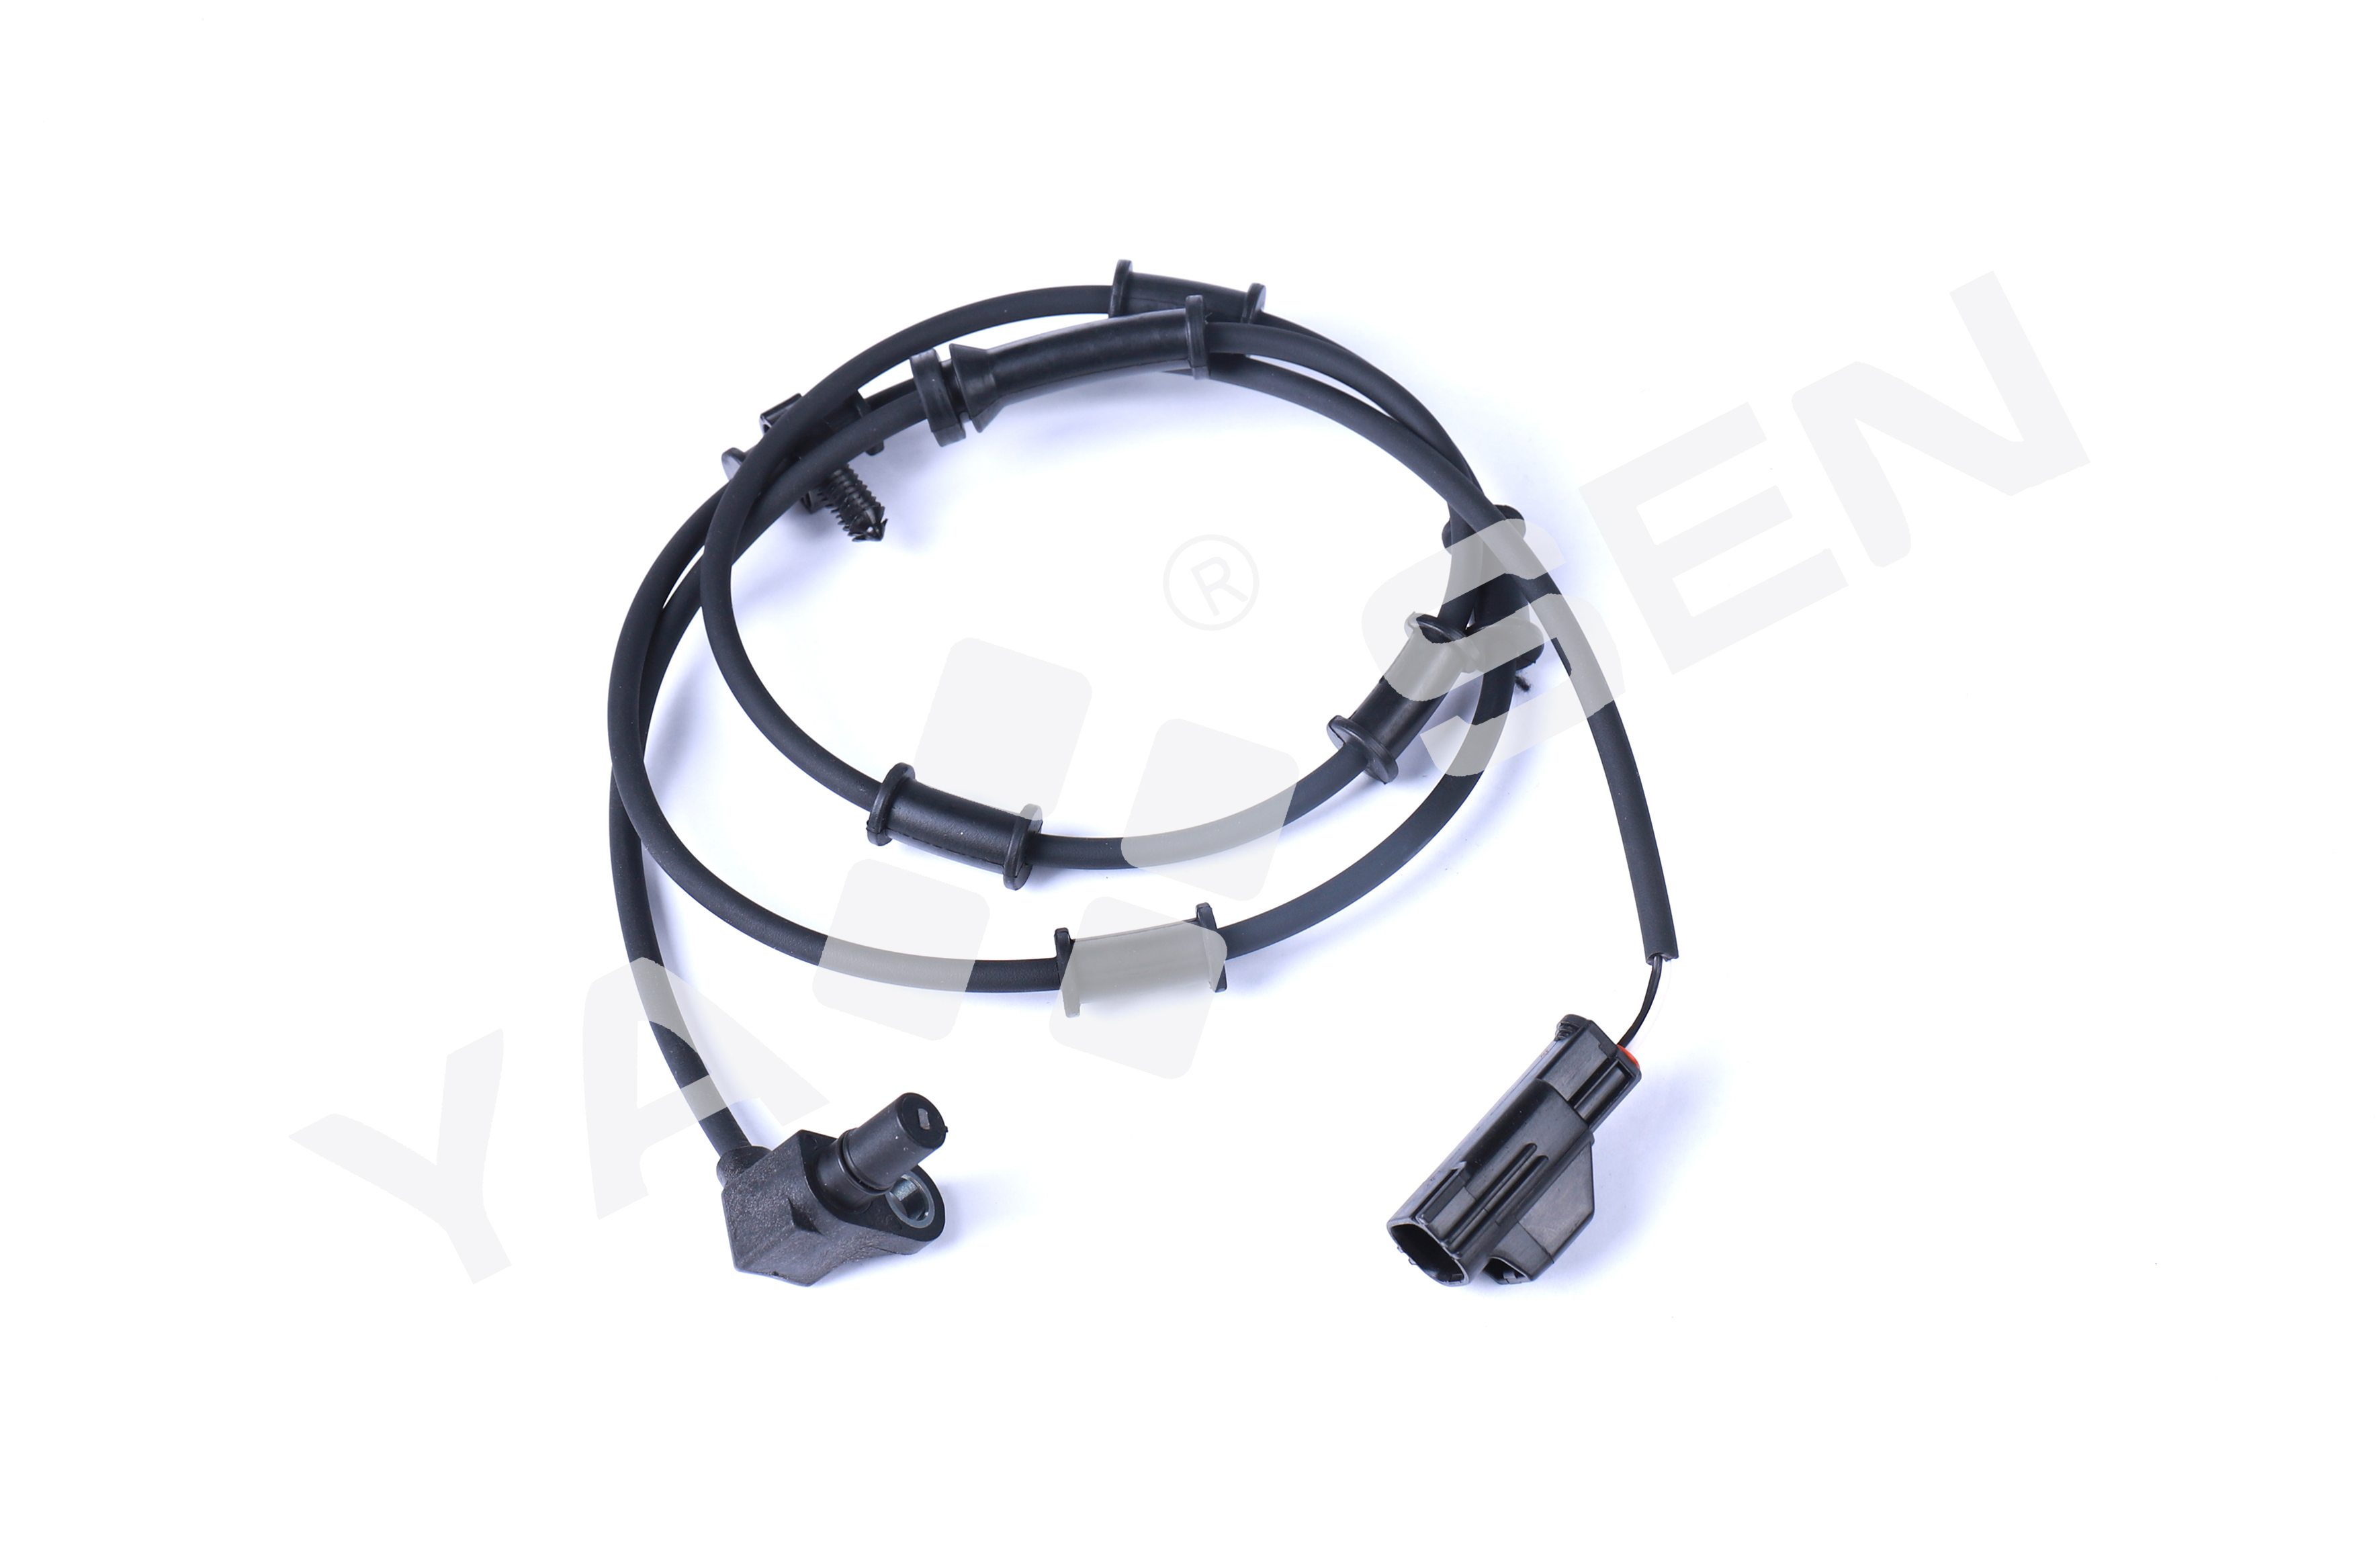 ABS Wheel Speed Sensor for DODGE/FORD, 5103493AA ALS102 970-088 ABS21 5S7013 SU8505 1802-304029 72-6133
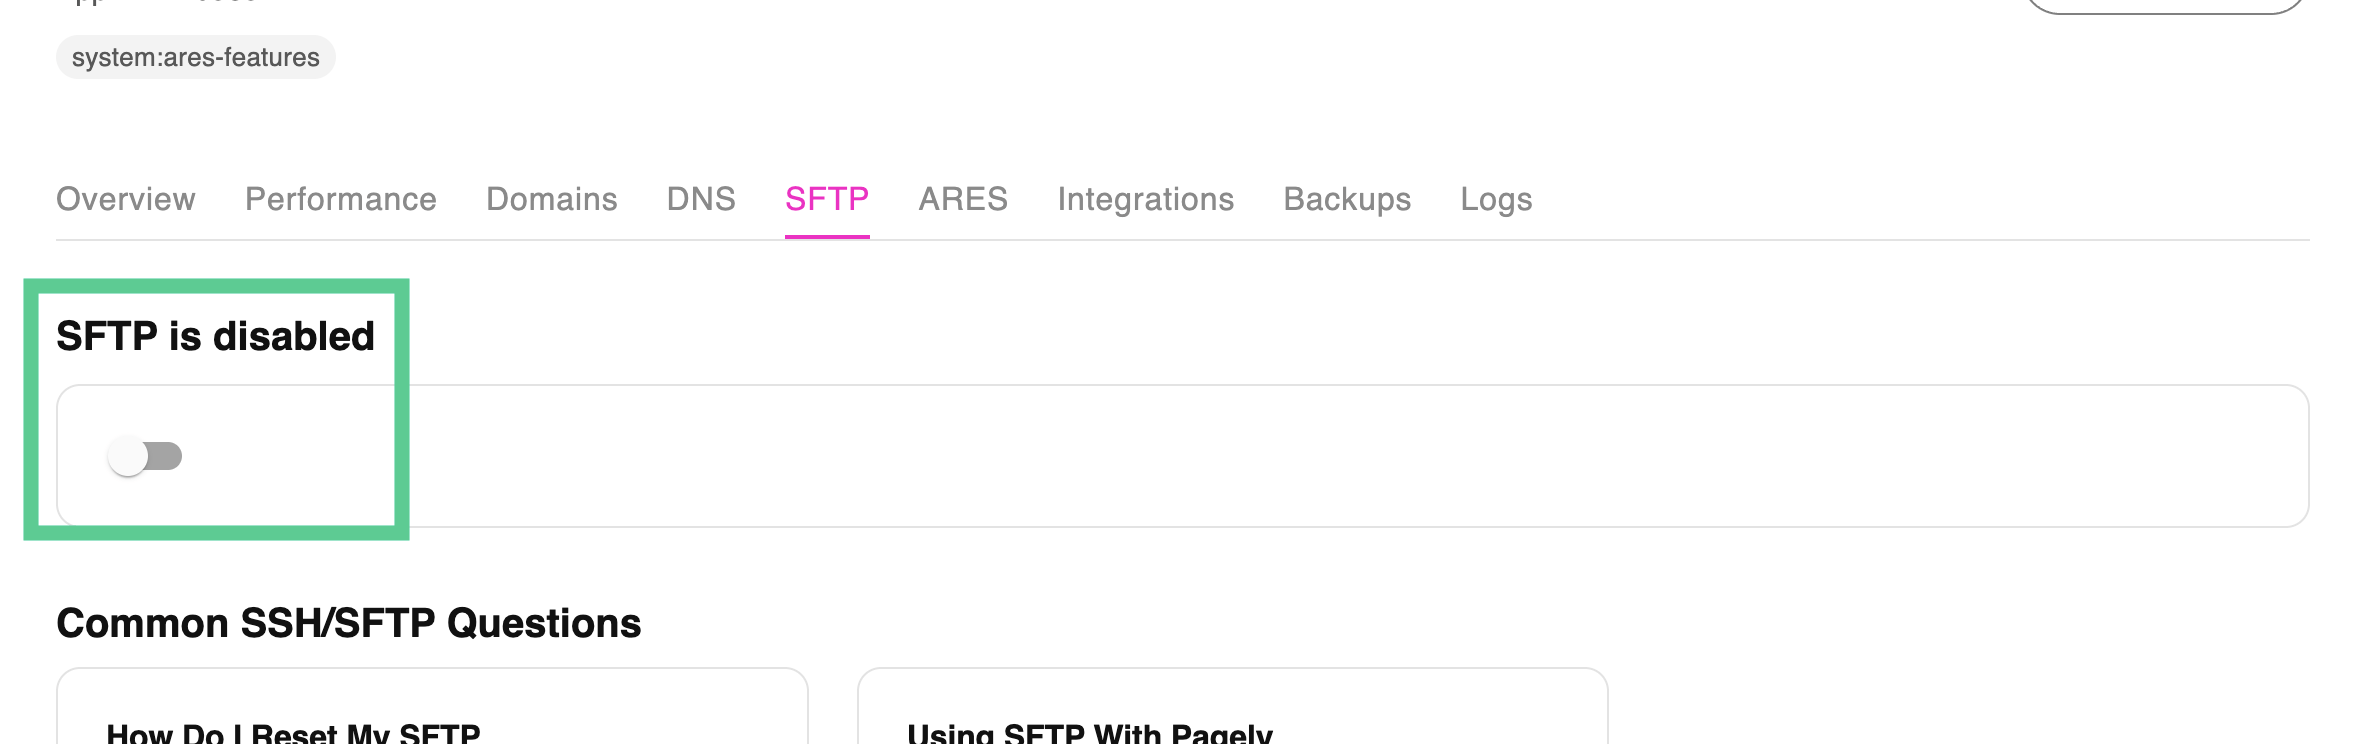 Enable SFTP
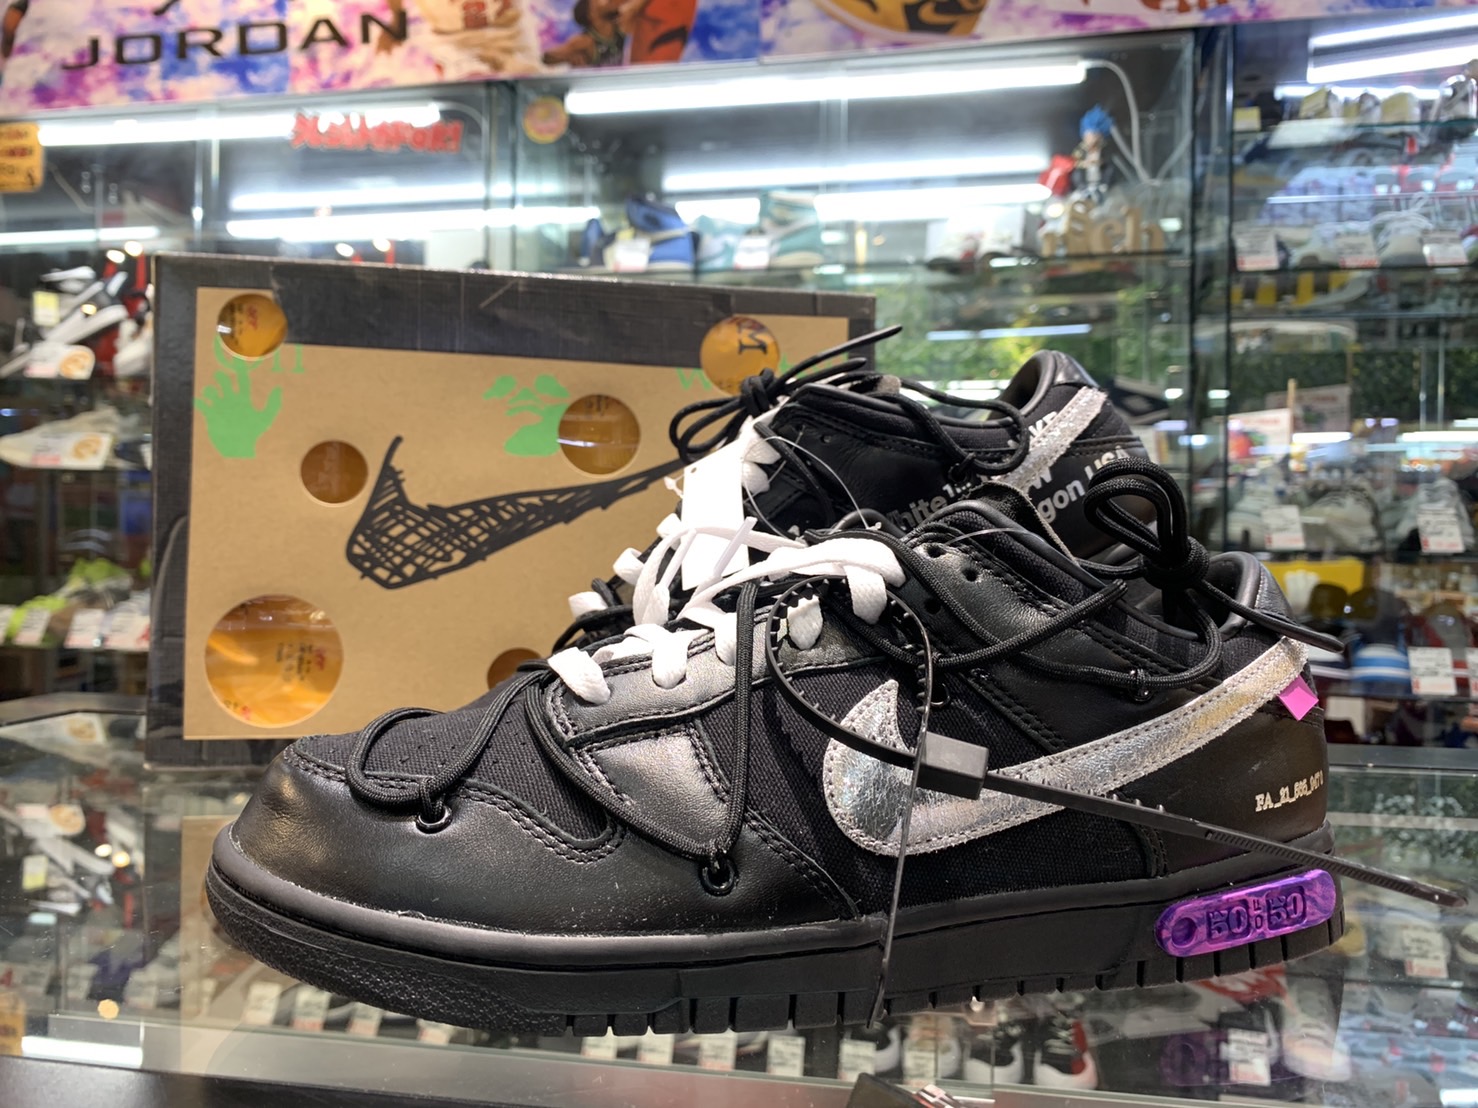 off-white nike dunk low 1 of 50 black

━━━━

■ Task instructions
The expected result is the material restated word for word, minus any picture.

■ Solution to this task
 ABS Wheel Speed Sensor for DODGE/FORD, 5103493AA ALS102 970-088 ABS21 5S7013 SU8505 1802-304029 72-6133
 Enable SFTP
 off-white nike dunk low 1 of 50 black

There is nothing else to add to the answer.